**Data to examine**
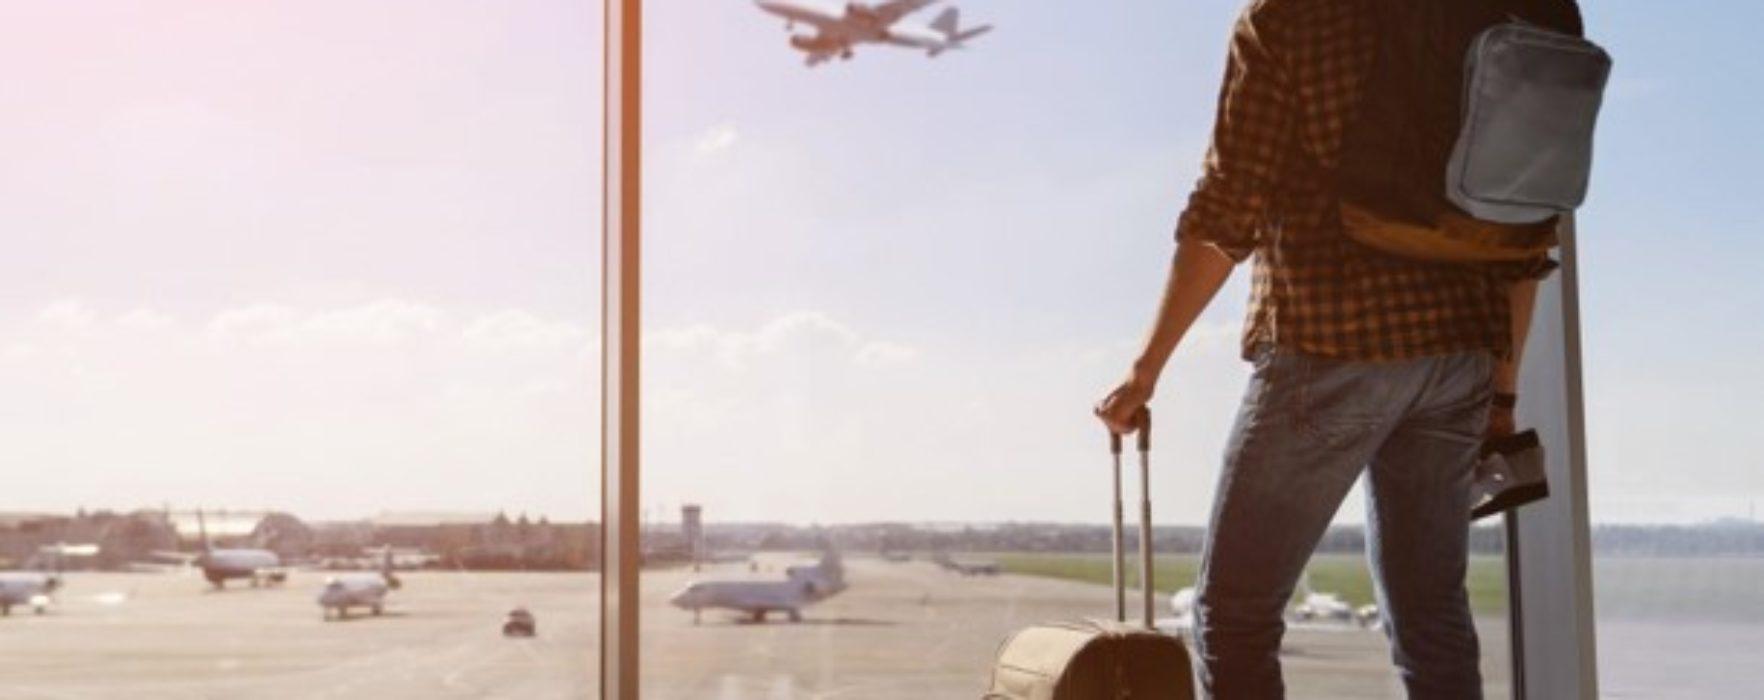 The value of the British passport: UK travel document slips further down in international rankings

==

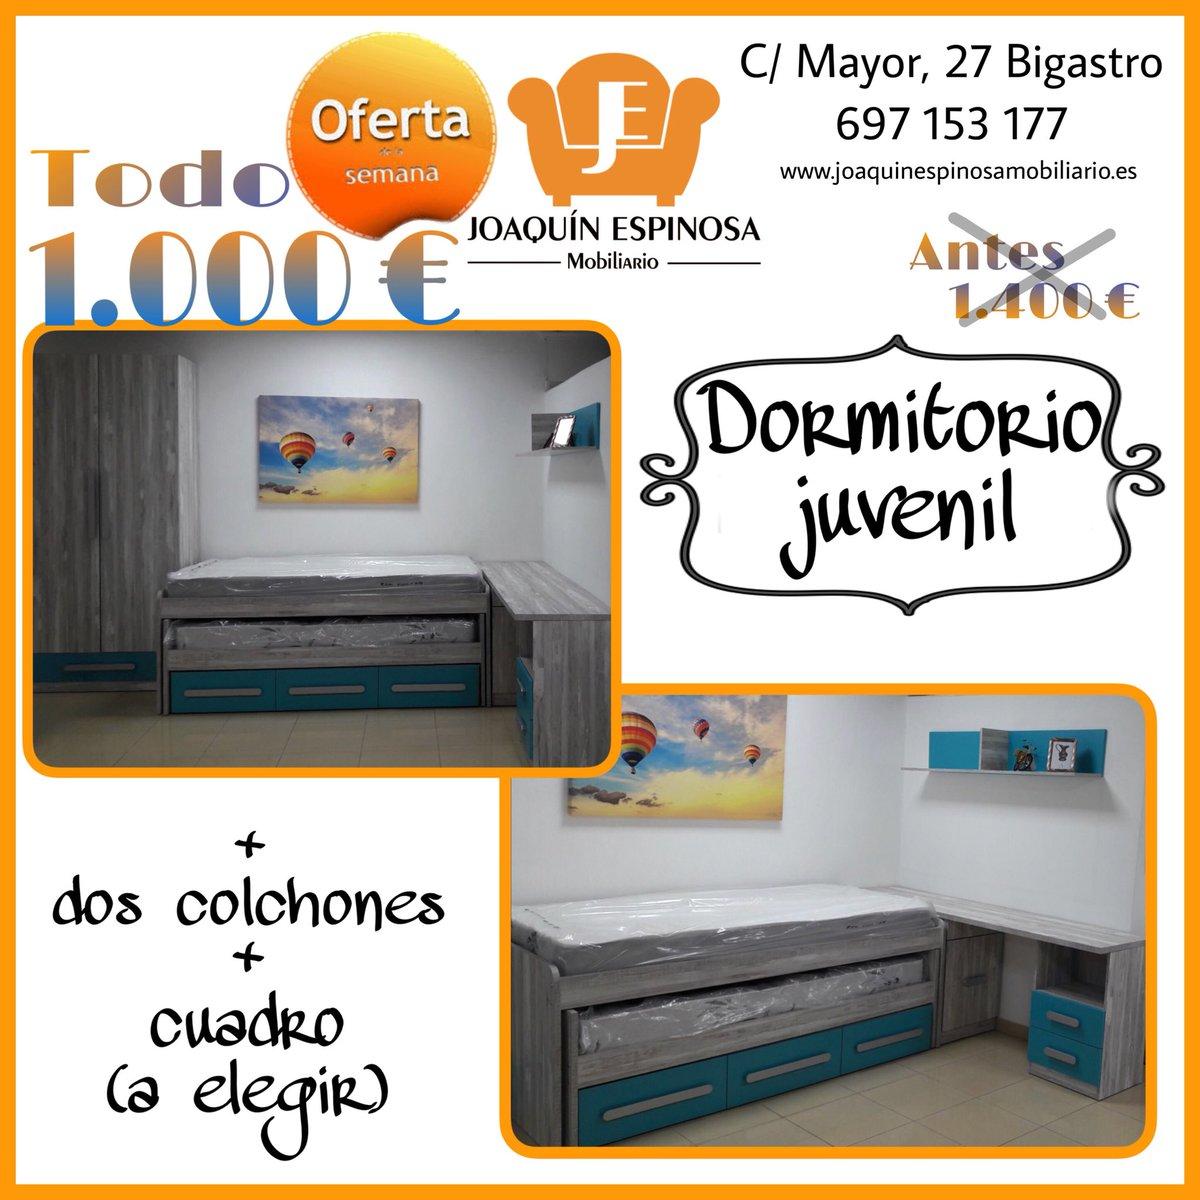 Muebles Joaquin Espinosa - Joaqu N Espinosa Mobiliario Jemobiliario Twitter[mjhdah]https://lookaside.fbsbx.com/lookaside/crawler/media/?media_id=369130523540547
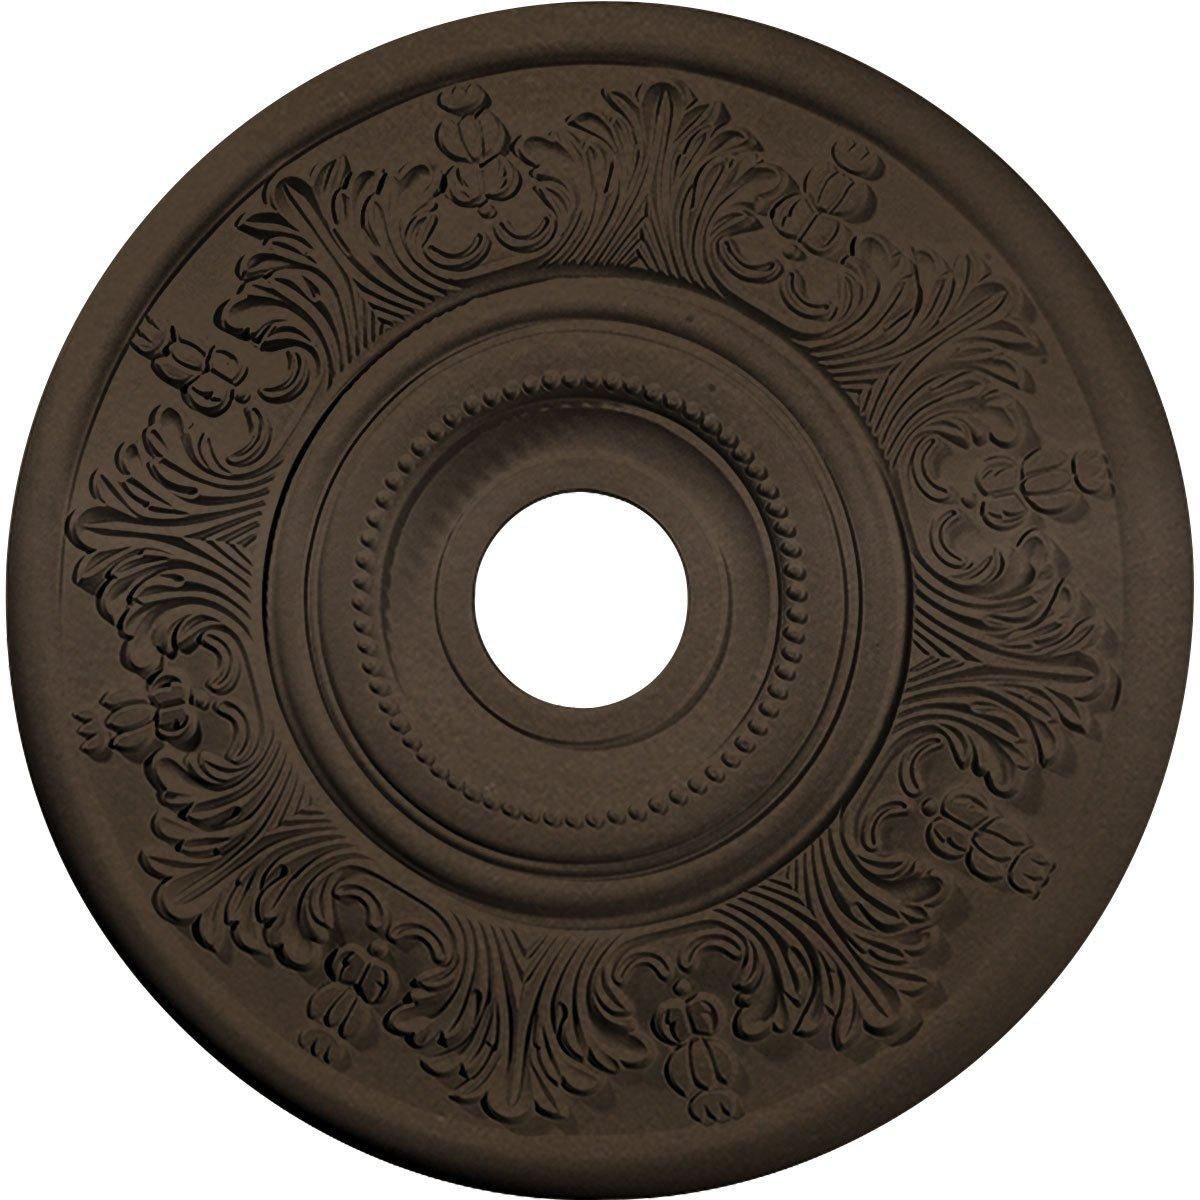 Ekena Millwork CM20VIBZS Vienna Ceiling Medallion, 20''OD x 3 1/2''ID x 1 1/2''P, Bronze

---

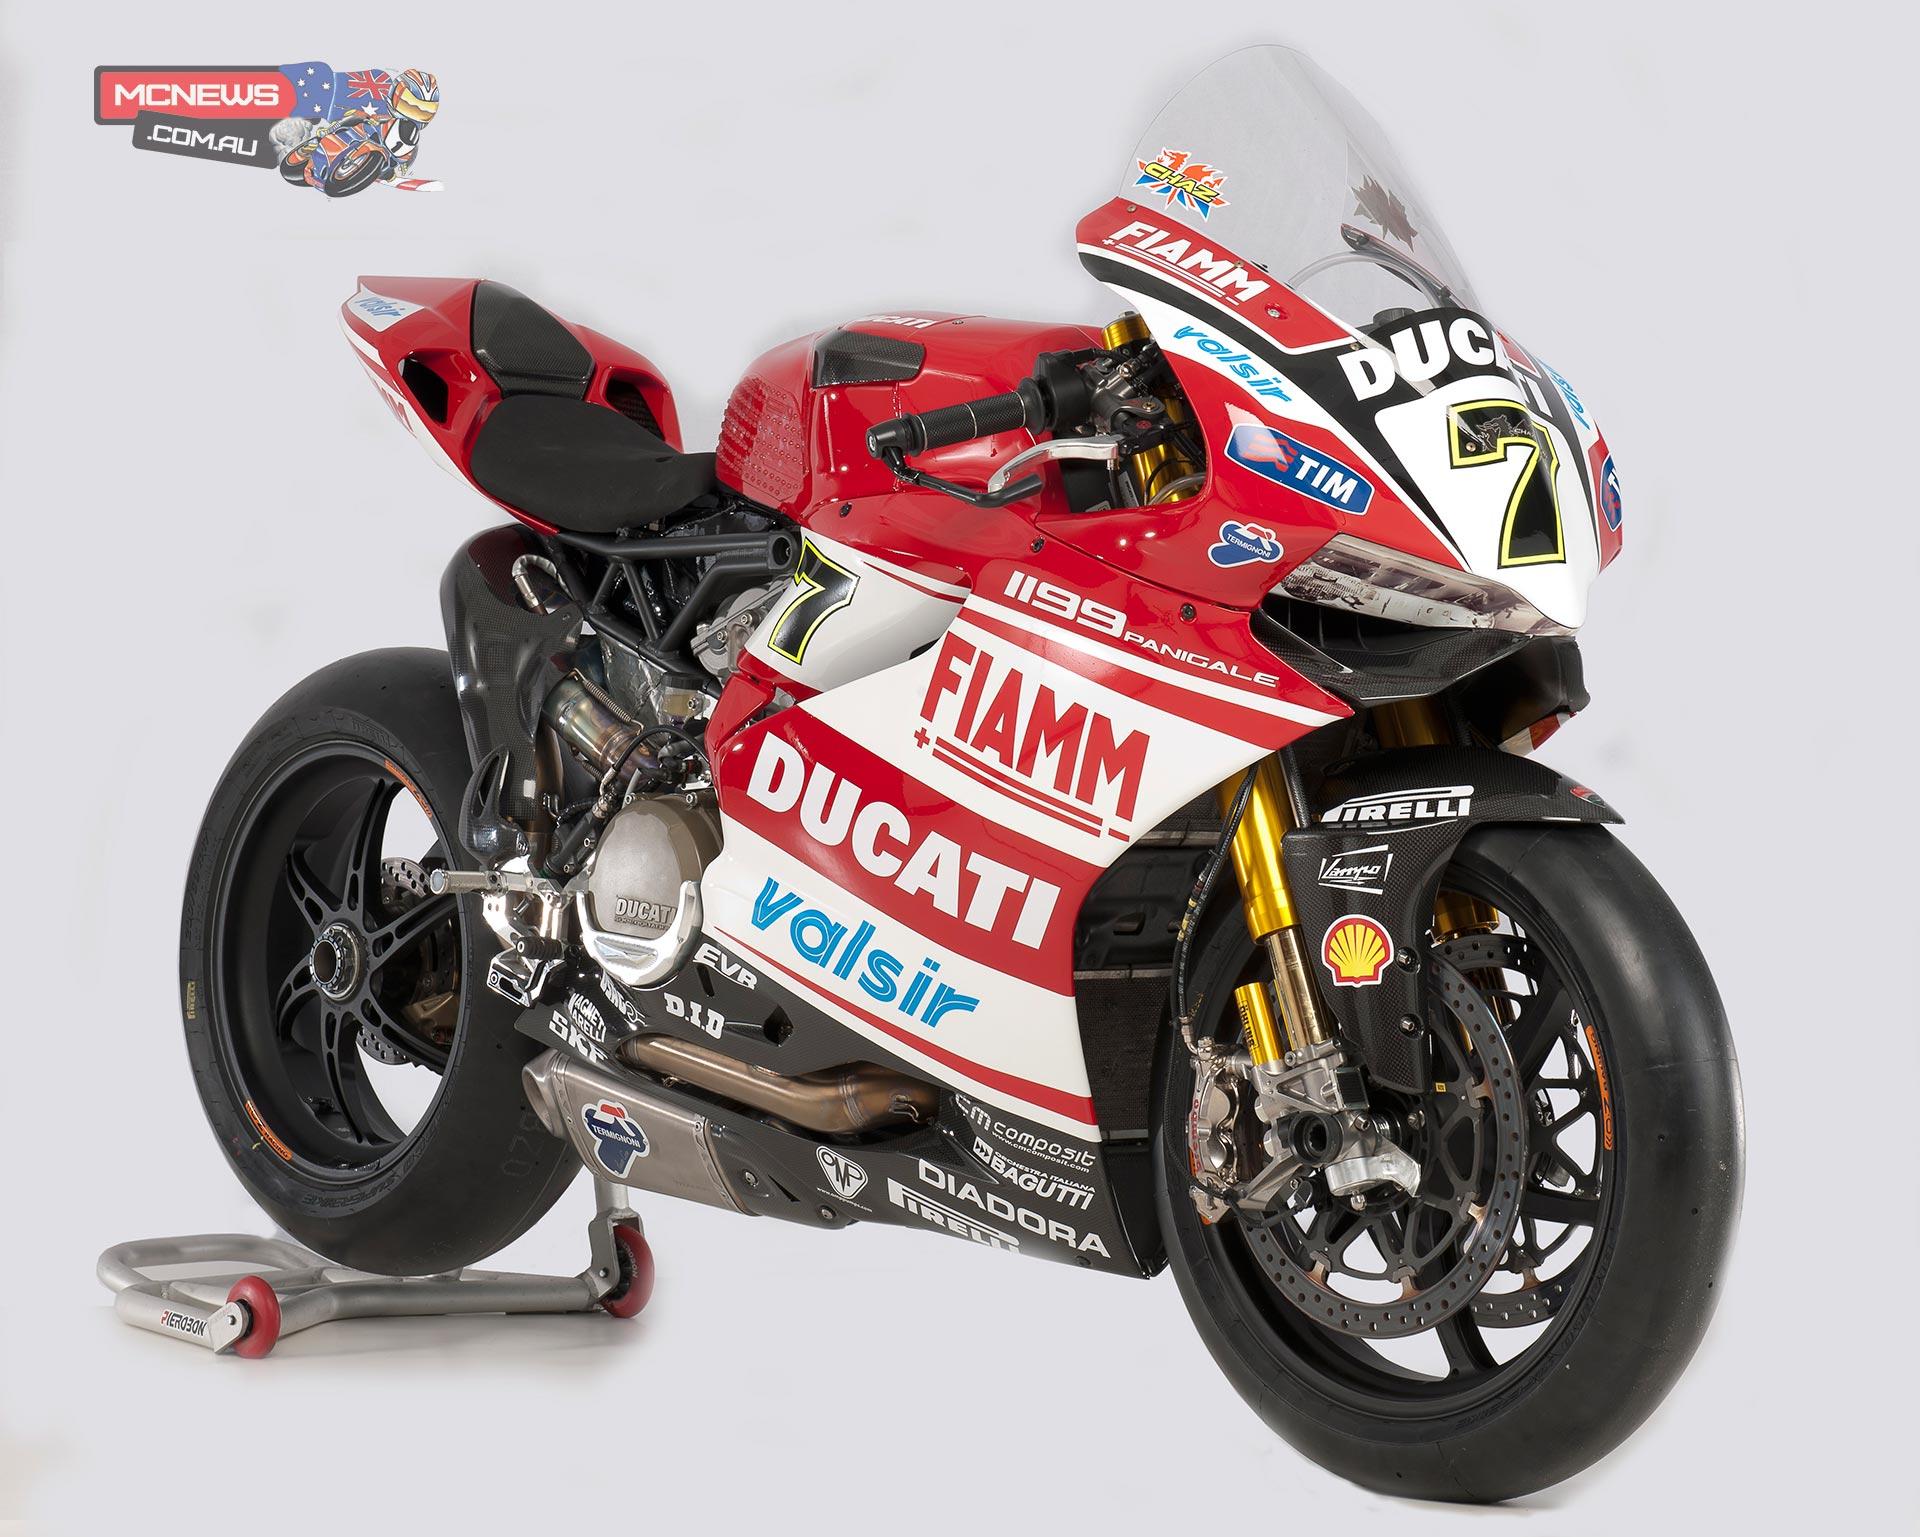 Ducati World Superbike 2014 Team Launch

**Exercise aim**
When you reach the line that has "Muebles Joaquin Espinosa" in the data above, start repeating lines exactly, and stop after the line that has "Ekena Millwork CM20VIBZS"; pictures stay out.

**Response to the exercise**
 Muebles Joaquin Espinosa - Joaqu N Espinosa Mobiliario Jemobiliario Twitter[mjhdah]https://lookaside.fbsbx.com/lookaside/crawler/media/?media_id=369130523540547
 Ekena Millwork CM20VIBZS Vienna Ceiling Medallion, 20''OD x 3 1/2''ID x 1 1/2''P, Bronze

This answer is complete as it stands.